Image Encoder: Extracts discrete 3D feature embeddings from the input PET volume.
Prompt Encoder: Converts user-provided sparse prompts (e.g., points) or dense prompts (e.g., coarse masks) into compact prompt embeddings via fixed positional encodings and adaptive embedding layers.
Mask Decoder: Fuses image features and prompt embeddings, generating the final segmentation output via upsampling and MLPs.

Key Designs¶

PETWB-Seg11K Dataset Construction:
Integrates two public datasets (AutoPET, UDPET) and three private cohorts, totaling 11,041 whole-body 3D PET scans and 59,831 segmentation masks.
Covers real-world variations across multiple centers (global clinical sites), devices, tracers (FDG/PSMA), and disease types.
Carefully partitioned into internal validation sets (in-distribution) and external validation sets (different centers, cancer types, and tracers) for rigorous evaluation.
3D Volumetric Architecture:
Unlike 2D models that segment slice-by-slice and stack results, SegAnyPET operates directly on 3D volumes, fully exploiting inter-slice contextual information in PET volumes.
Point prompts enable efficient 3D interaction; mask prompts support iterative refinement.
Dual-Variant Strategy:
SegAnyPET: A universal segmentation foundation model trained on the full dataset, providing broad organ and lesion coverage with strong generalizability.
SegAnyPET-Lesion: A specialized variant fine-tuned on lesion-centric data, improving sensitivity and boundary precision for small, heterogeneous lesions.
Clinicians can select the general model or the lesion-specialized variant based on clinical needs.

Loss & Training¶

Training is conducted on PETWB-Seg11K using prompt engineering strategies for mask generation.
Supports a human-in-the-loop interactive workflow: radiologists can iteratively refine segmentation results by appending positive/negative point prompts.
SegAnyPET-Lesion is obtained by fine-tuning SegAnyPET on lesion-centric data.

Key Experimental Results¶

Main Results: Comparison with Task-Specific Models¶

SegAnyPET, as a universal model, is compared against several task-specific models trained exclusively on organ annotations:

Model	Type	Training	Organ Segmentation	New Target Capability
nnU-Net	Task-specific	Fully supervised	Strong	❌ Requires retraining
STUNet	Task-specific	Fully supervised	Moderate	❌ Requires retraining
SwinUNETR	Task-specific	Fully supervised	Moderate	❌ Requires retraining
SegResNet	Task-specific	Fully supervised	Moderate	❌ Requires retraining
SegAnyPET	Universal Foundation	Prompt-based	Comparable/Superior	✅ Zero-shot

Key finding: Despite being a general-purpose model not specifically trained for organ segmentation, SegAnyPET achieves performance comparable to or exceeding nnU-Net on five seen target organs, without requiring task-specific retraining.

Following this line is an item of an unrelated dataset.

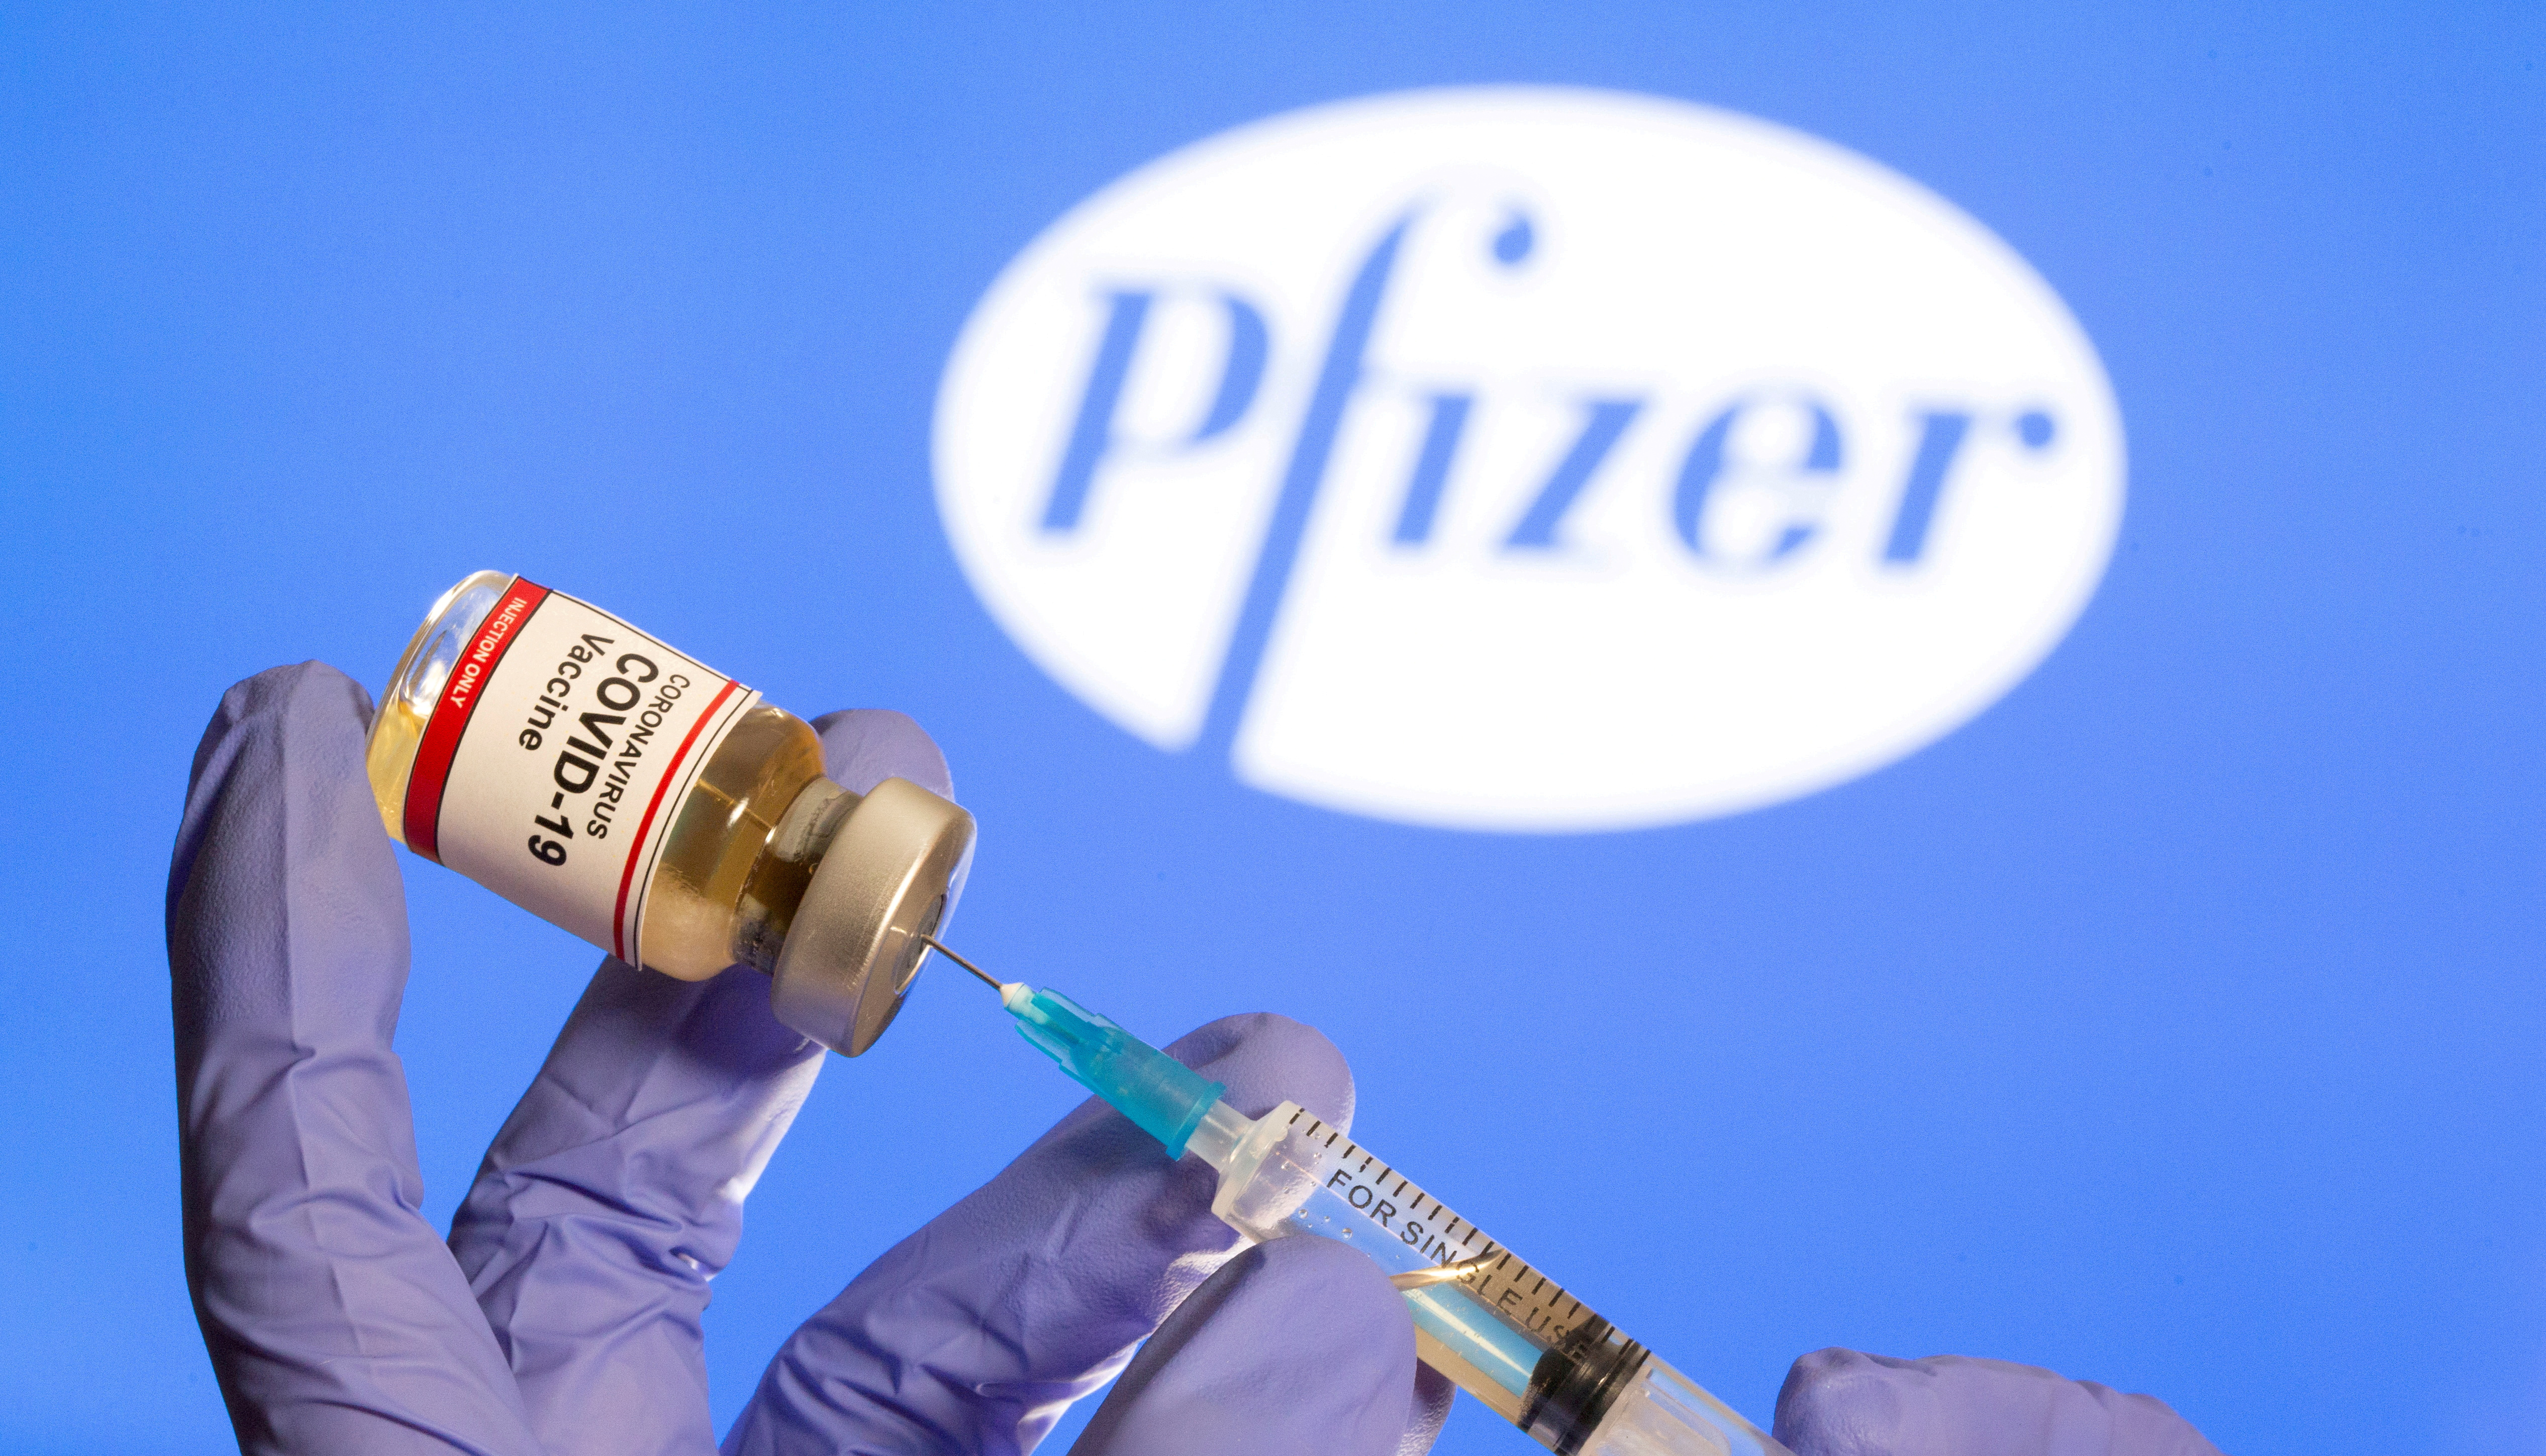 La vacuna de Pfizer-Biontech está basada en la tecnología del ARN mensajero, que lleva instrucciones de ADN para que las células del cuerpo humano generen ciertas proteínas protectoras. La misma comenzó sus ensayos en Alemania a fines de abril y en EEUU a principios de mayo. (REUTERS/Dado Ruvic/File Photo/File Photo)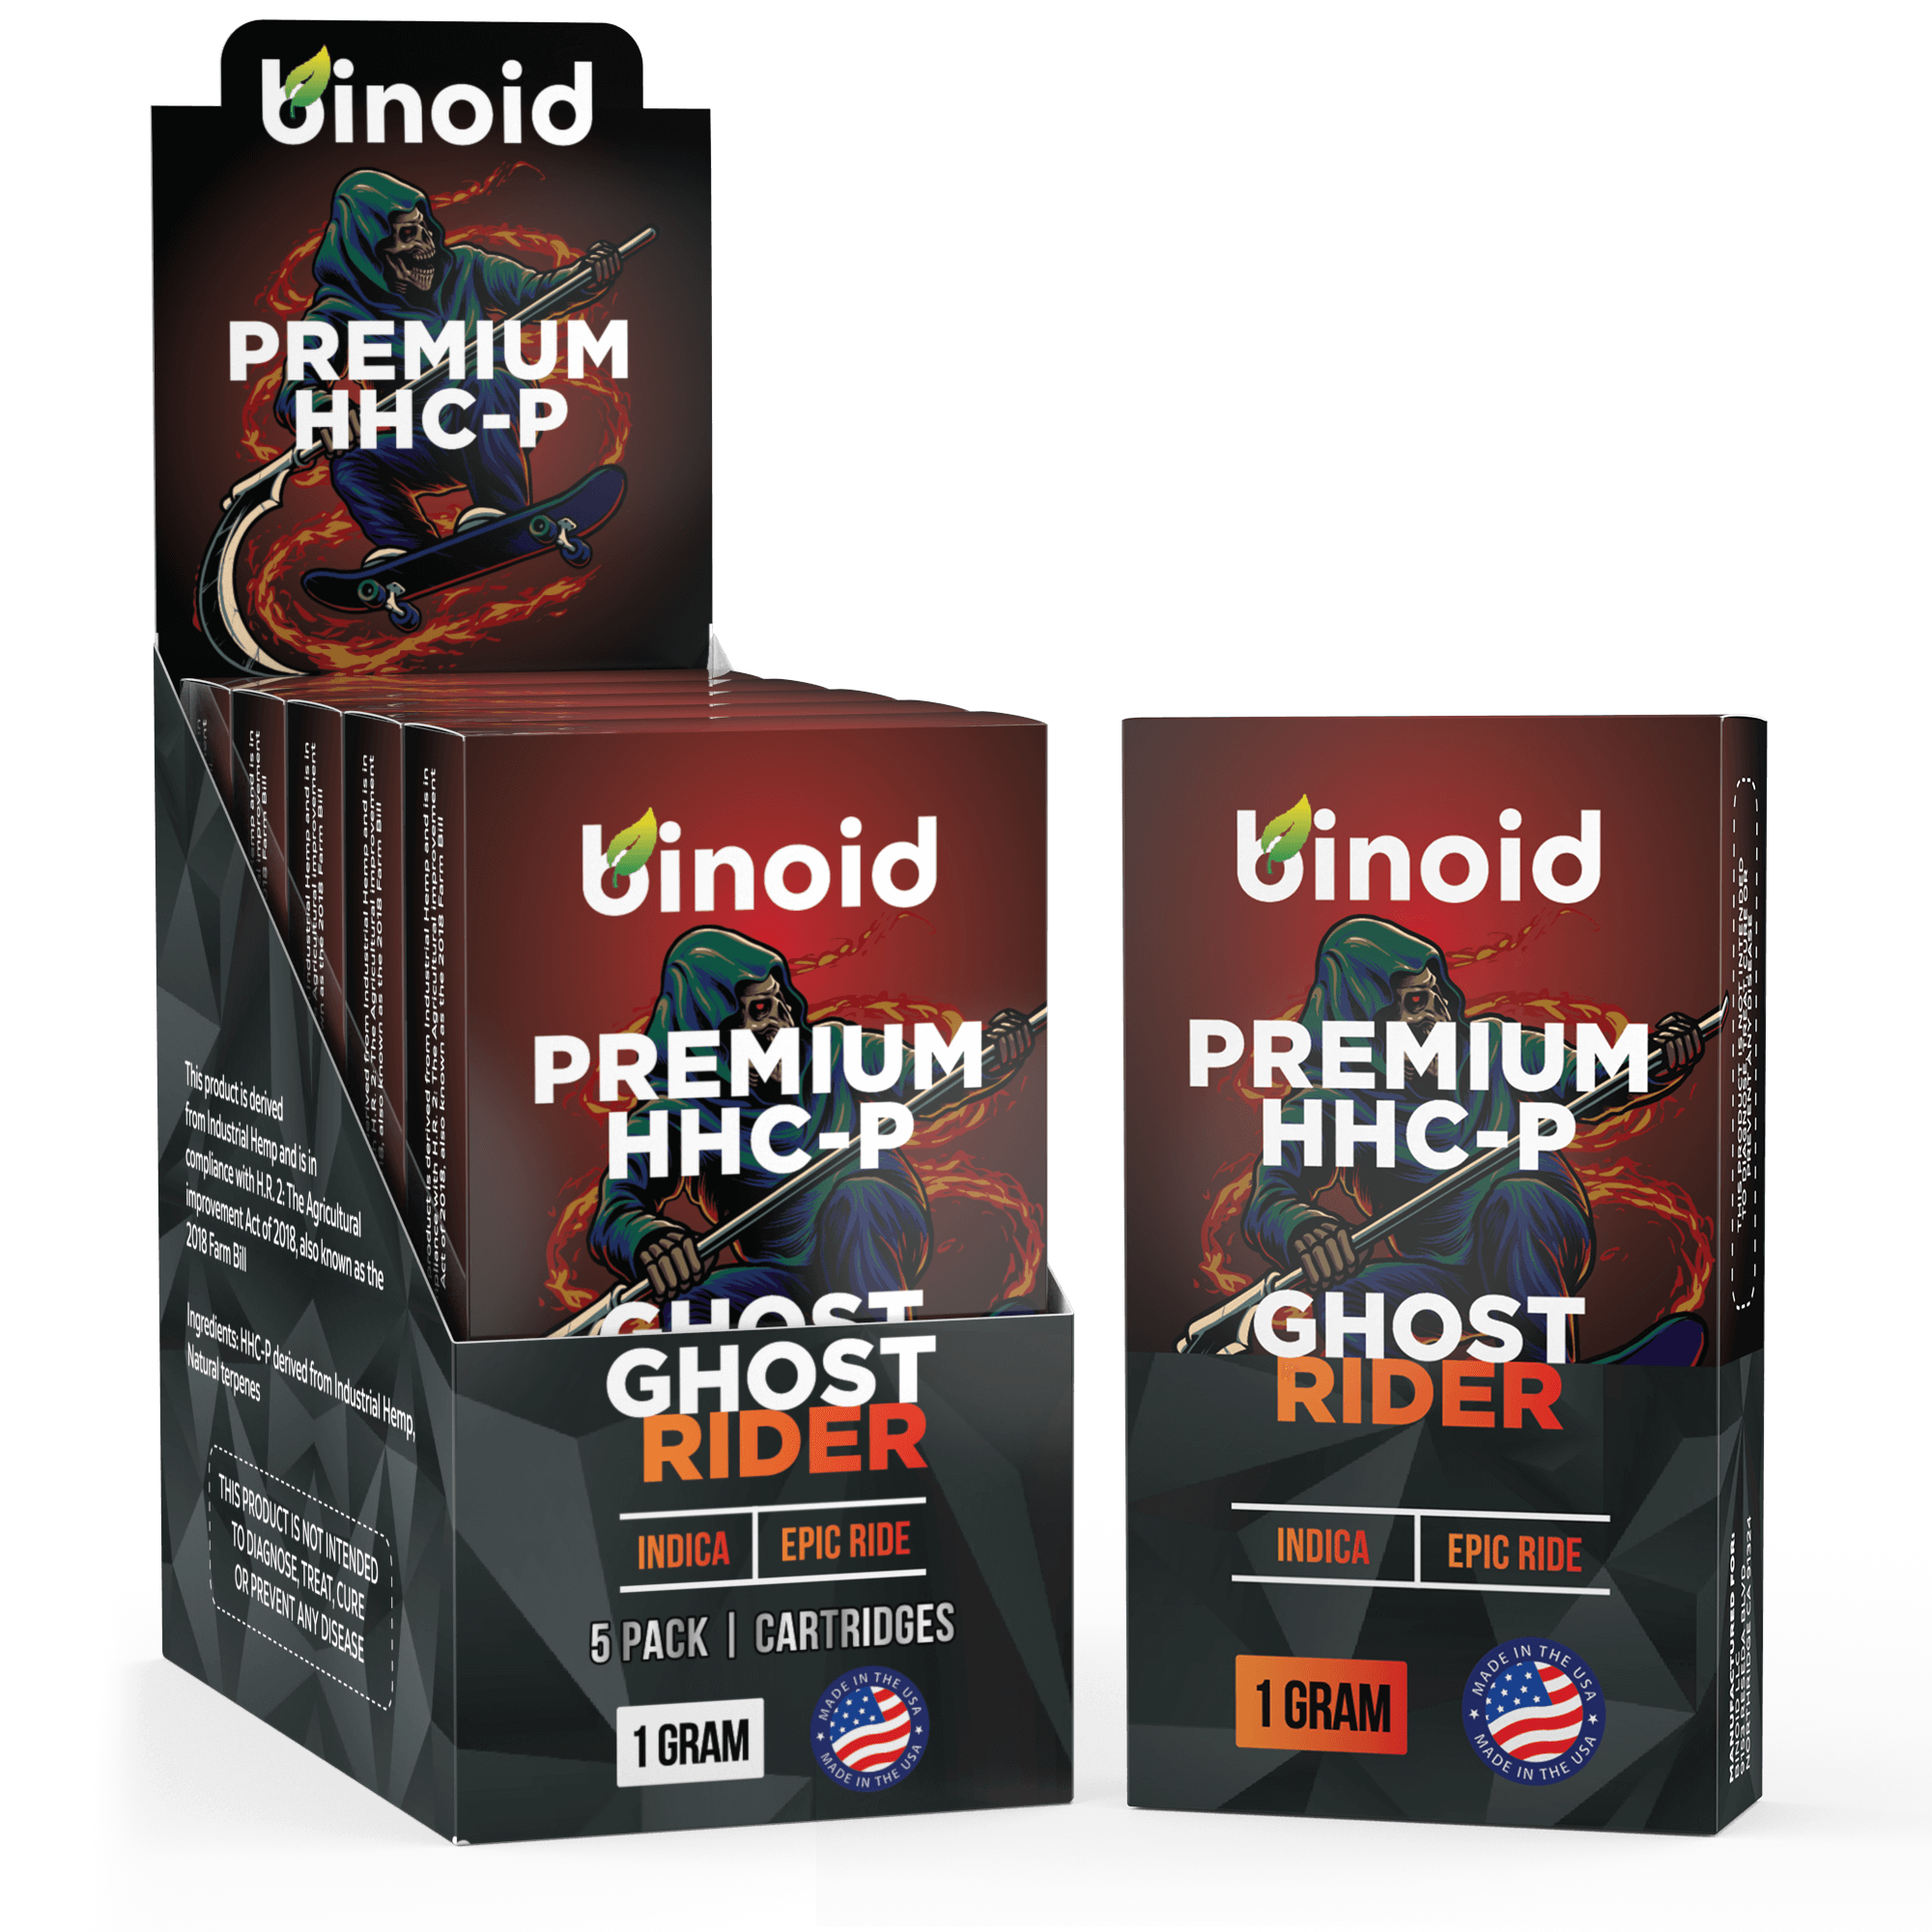 Binoid HHC-P Vape Cartridge - Ghost Rider Best Price

Comparison with Segmentation Foundation Models¶

Model	Prompt Type	PET Organ Segmentation	PET Lesion Segmentation
SAM-Med3D	Point prompt	Poor	Poor
SegVol	Point prompt	Poor	Poor
SAT	Text prompt	DSC≈0	DSC≈0
nnInteractive	Point prompt	Poor	Poor
VISTA3D	Point prompt	Poor	Poor
SegAnyPET	Point/Mask prompt	Best	Best

Key finding: Text-prompt models (e.g., SAT) completely fail on PET (DSC≈0), indicating that their text-visual alignment is severely overfitted to anatomical features of structural imaging.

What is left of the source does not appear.